Belfast Telegraph

Heineken Cup: Veteran Murphy still in driving seat

By Hugh Farrelly

As he heads for home in his diminutive Ford Kia — hardly an emblem of the stardom for which many would feel he qualifies — Geordan Murphy will pass through the Leicestershire countryside for the umpteenth time.

Yet, it will feel just like the first.

As he begins his 16th calendar year as Ireland's most durable exile, the road once less travelled has become a touchingly familiar byway that remains freighted with exciting possibilities.

Now 33, veteran status is automatically appended to his name but Murphy has many, many miles yet to run.

And some of them could be in the green of Ireland after he confirmed that, contrary to some pre-Christmas gossip, he is willing to commit to Declan Kidney's Six Nations plans in an emergency capacity.

It is at once a fitting commendation of Murphy's loyalty that only the briefest of phone calls to the Ireland coach was necessary to emit such fidelity to the national set-up.

Such loyalty has always under-pinned his career. Ever since the day when Leicester Tigers took a punt on a scrawny teenager way back in 1997, developing a relationship that has since developed a mutually inextricable bond.

“It's one big family to me,” he says simply, asked to distil the special nature of an enduring club-player relationship that has spanned a decade and a half, some 287 first-team appearances, seven league titles and three Heineken Cup wins.

For all that, loyalty does not offer any guarantees. “Loyalty is not an absolute thing at Leicester,” he insists. “All the coaches here through the years have constantly hammered home the same message. It doesn't matter what number is on your back, or what your international reputation is, it doesn't count for anything if you're not performing at this club.

“A coach will often come and tell a player that they will get dropped if they continue to under perform. Just because we have this status as a successful club in the past, just because we're called Leicester, it doesn't guarantee anything and that helps to maintain standards.

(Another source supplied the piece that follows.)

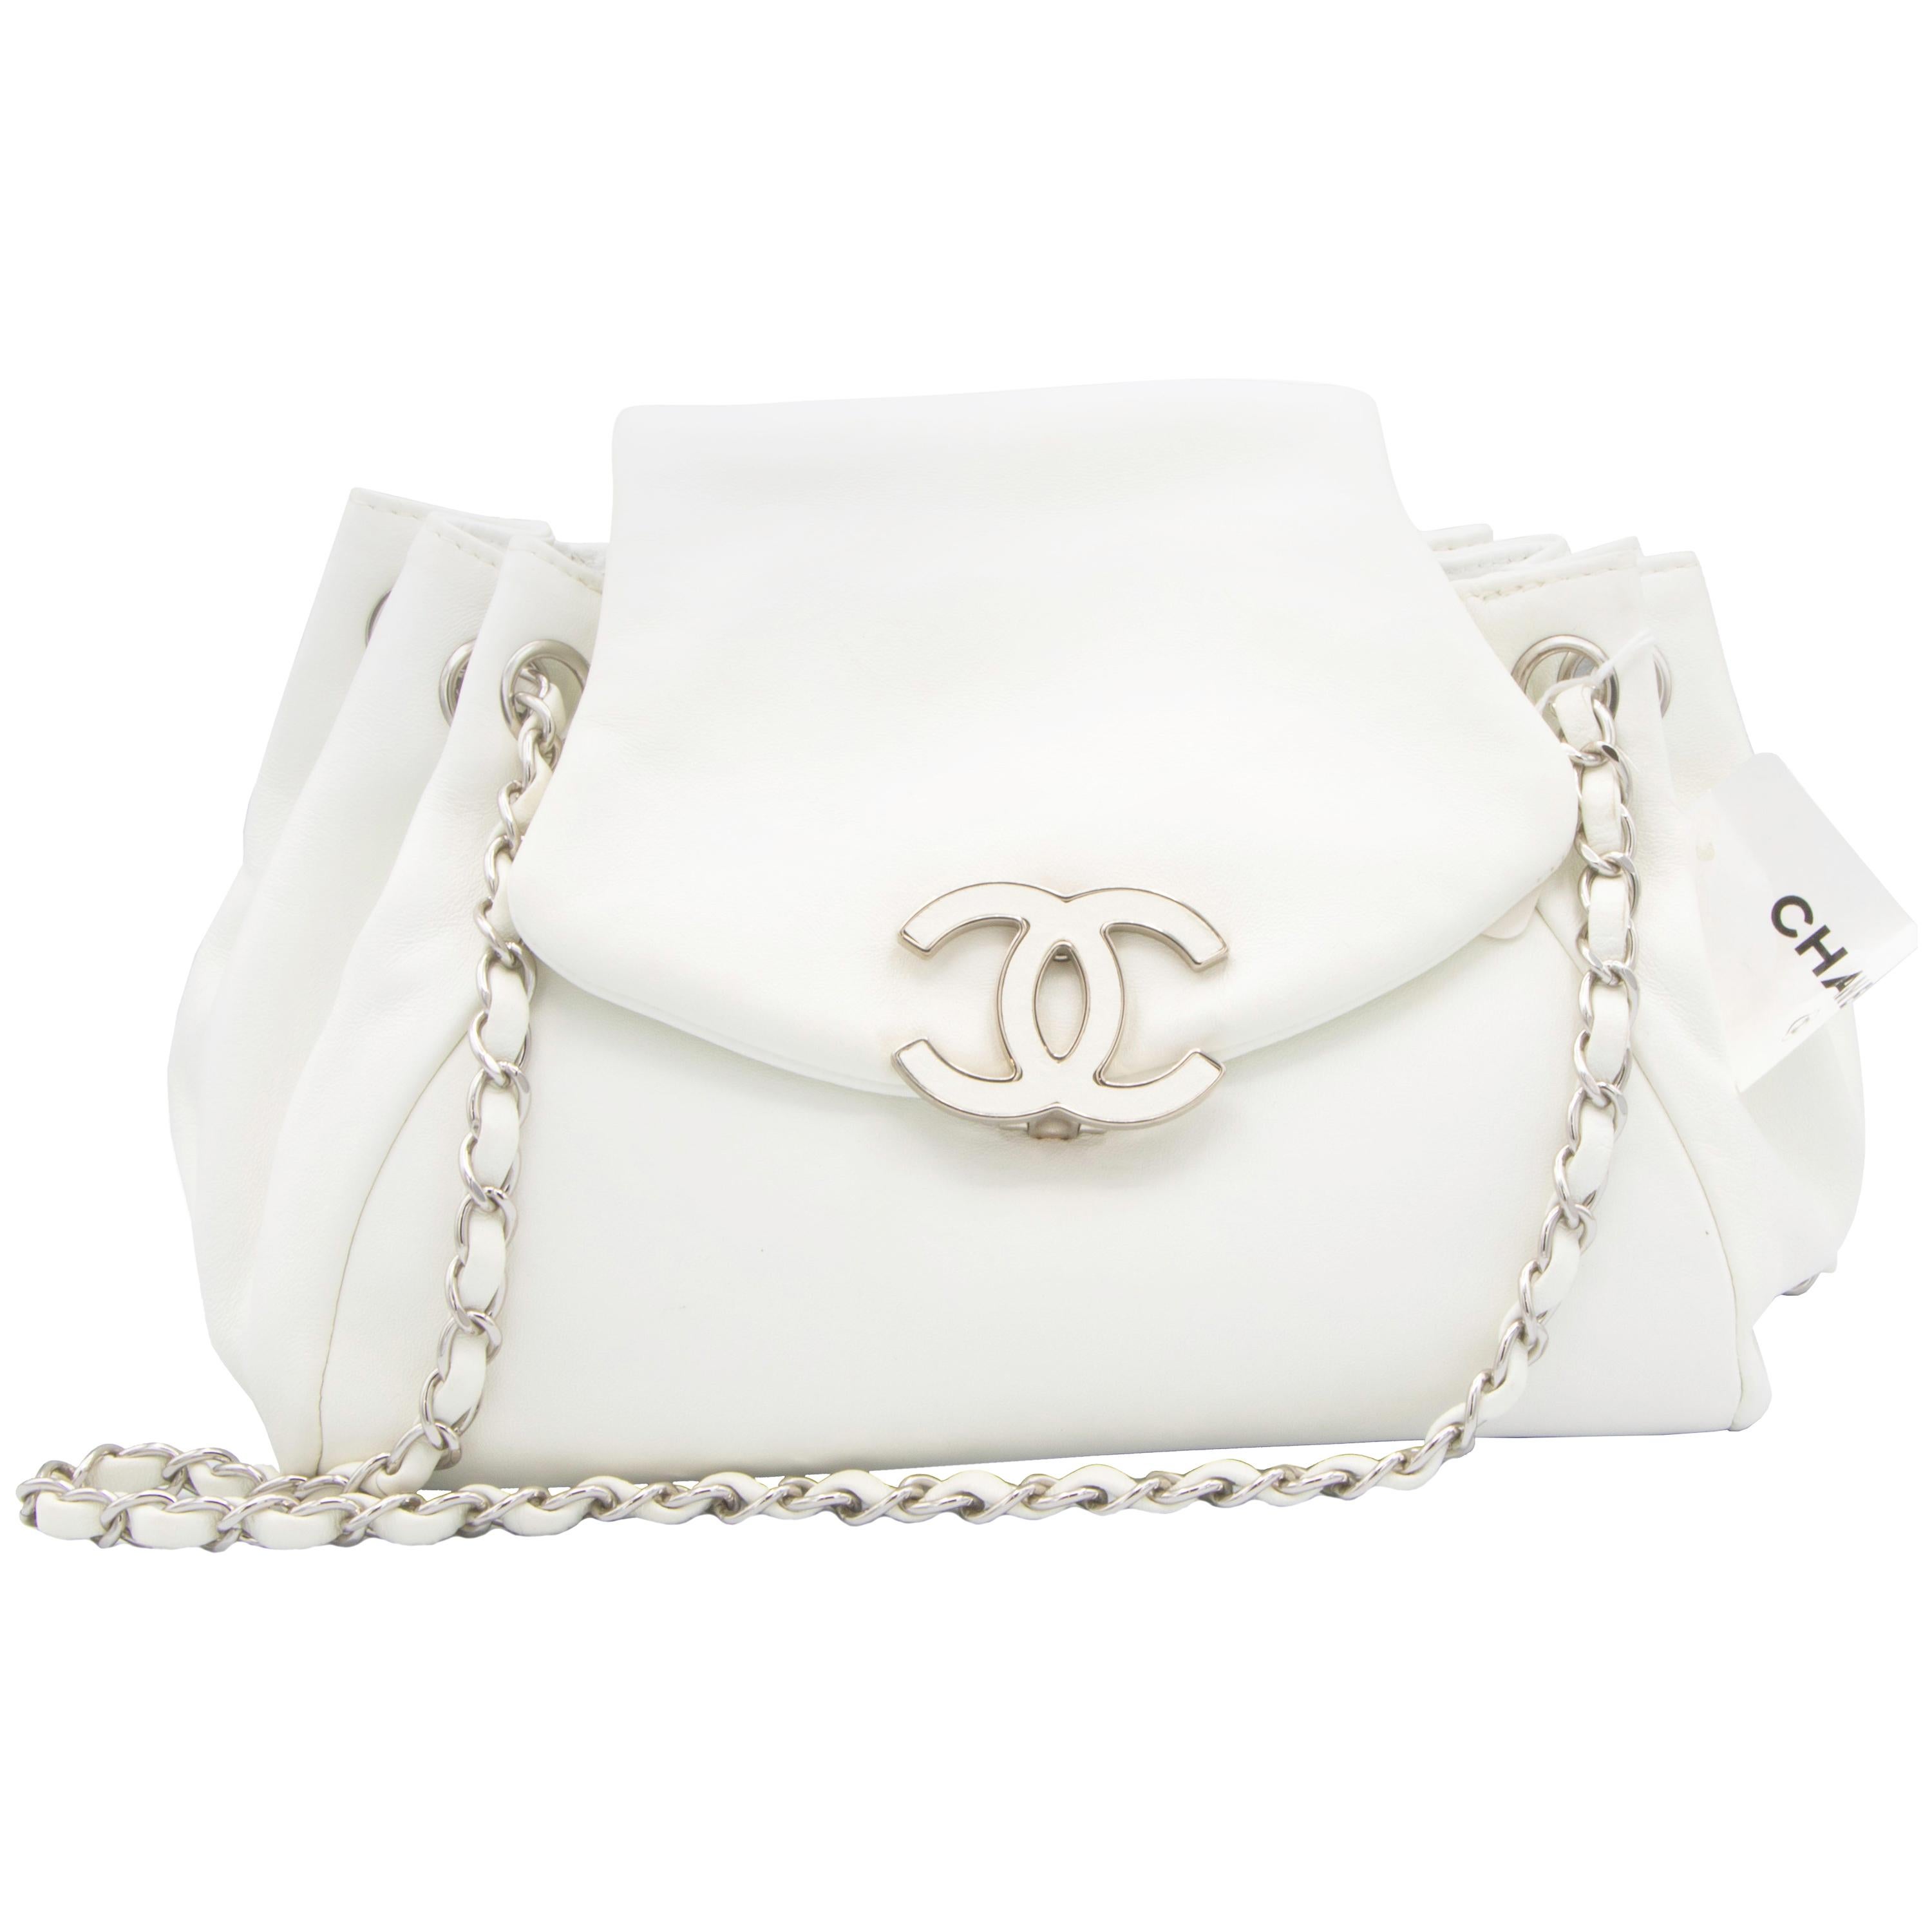 Vintage White Chanel Handbag with Matching Leather and Silver-Colored Strap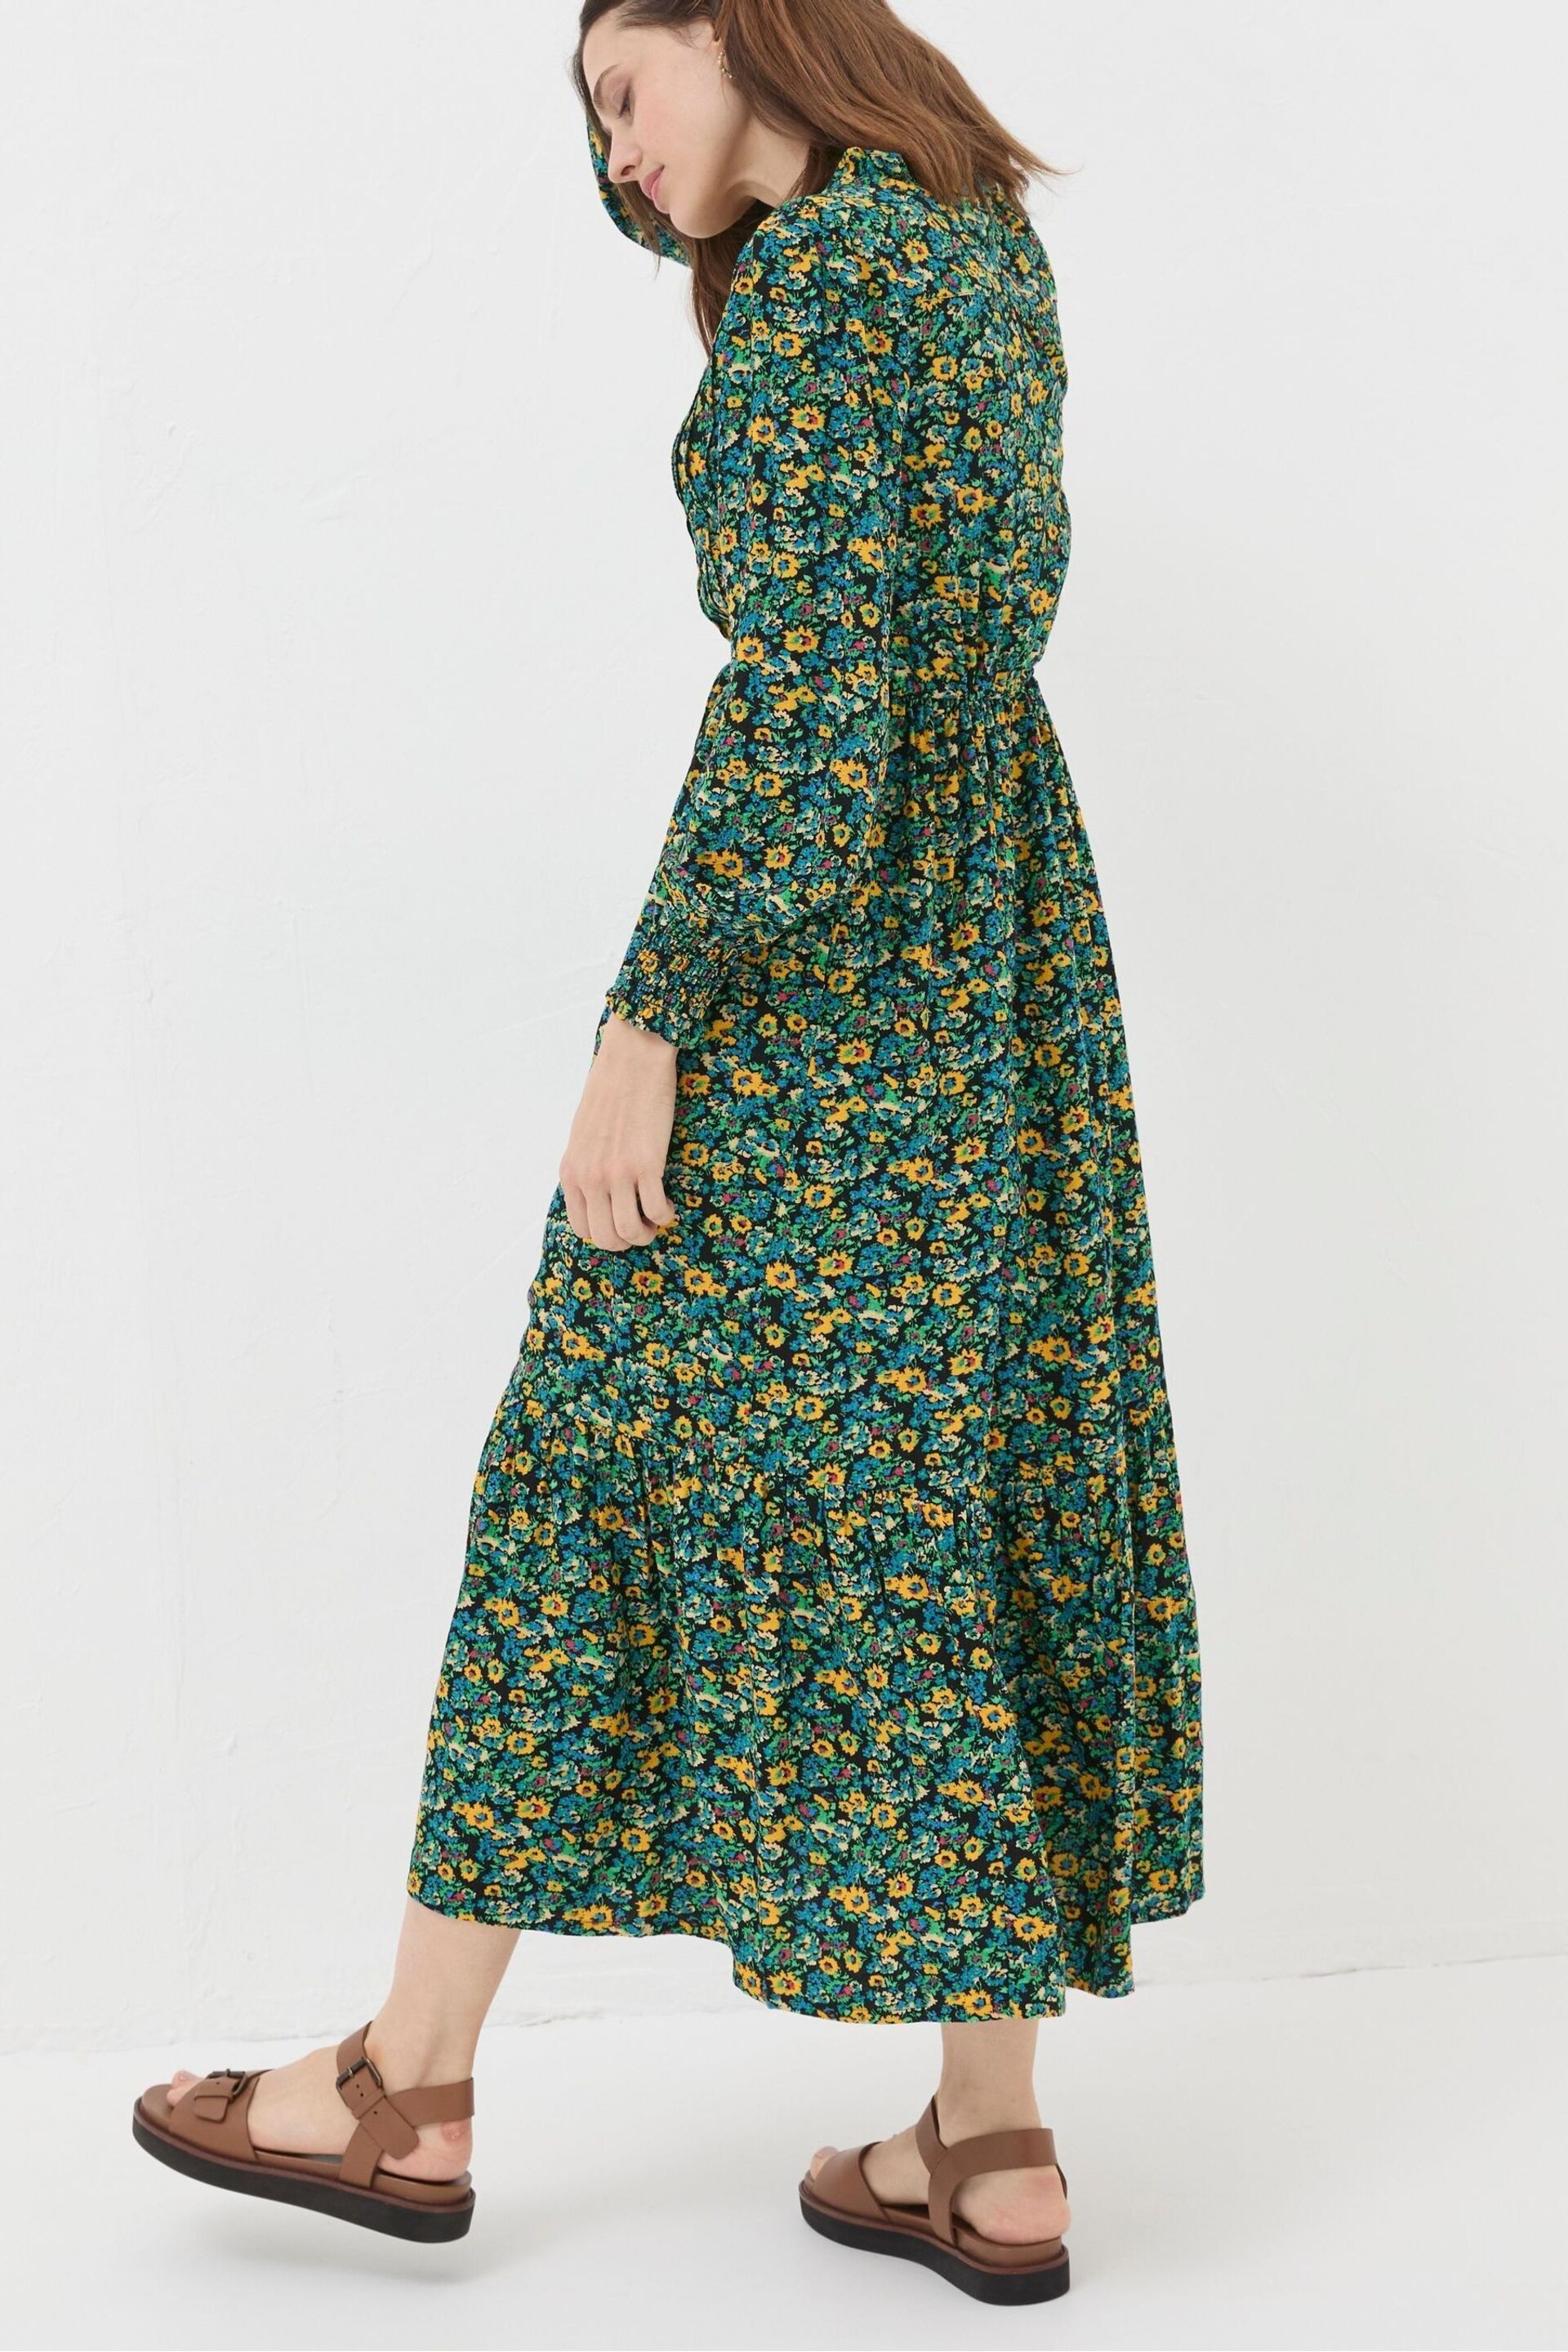 FatFace Green Spring Floral Maxi Dress - Image 2 of 4

“We have no right to succeed because there are so many other teams in England and in Europe who want to succeed just as much as we do. Everything that we get we earn. And the list of our achievements is not down to who we are, but what we do.”

Murphy's standards show little sign in dipping, as last week's deft try-scoring dink-ahead for winger Horacio Agulla in the Premiership defeat of fallen giants Wasps vividly illustrated.

There were fears that Leicester could be on the verge of joining their fierce London rivals on the Premiership scrapheap this season, particularly after a dreadful start to the season that saw them marooned second from bottom in the league.

That they have battled back to reach the play-off stages ahead of the final Heineken Cup pool stage double-header of the season speaks voluminously of their indefatigable attitude.

Ravenhill tomorrow night represents another staging post on their journey back towards a position of ominously familiar post-Christmas positioning for the sport's major honours. Defeat, however, could end their European hopes.

“It's going to be a tough game, their home form is bril

liant up there and the last time we were there – this time eight years ago, an astonishing 33-0 reverse – we were absolutely humped.

“We've lost Louis Deacon and Toby Flood with injuries recently so it doesn't get any easier for us. It's been a bit of a struggle, we had 12 guys at the World Cup and a few injuries at the start of the season.

“So you had our second teams playing against first teams and there is no slackening off. We were second last and then when the World Cup players came back we were playing at full tilt.”

Hence his side have played four times in 18 days while Ulster, able to rest their entire first-team against Leinster over Christmas, have been able to prime perfectly for tomorrow's task.

Were Leicester free to unburden the shackles of their £4m salary cap and exploit their status as one of Europe's best supported clubs – average home attendance is 21,000 – then they too could afford to chase two hares with equally reckless abandon.

“You see Ulster at Leinster and they're able to rest players where we can't afford to do that in the Premiership. It's a great thing for Ulster. It's a double-edged sword I suppose.

“Players want to play but on the other hand it doesn't give you much time to recover from injuries compared to the way the Irish teams can manage it. It's the way the cookie crumbles though. Obviously the salary cap is the biggest hindrance to us. No other country has that. That's a big hindrance.

“It would be great if we could sign who we wanted. The domestic game here is trying to survive and there's more of a level playing pitch. We could be further ahead. We have got a bigger support than a lot of the other teams. If that was extended to what you could spend we would have a bigger squad. But we're stuck with it.”

And as he acknowledges, he knows nothing else. Before his latest contract extension, Murphy was sounded out by Brive and possibly several others. Before that, tentative calls from home were vaguely alluring.

A final, salary-uncapped bonanza has tempted many. But not him. “I've seen players coming through here and saying that they were going to be here for life,” he smiles. “Then they were gone. I'll never say never. My career has taught me that much so far! But I'm happy here. This club has been loyal to me and I feel I owe them that much at least.”

A debt that has been repaid several times over.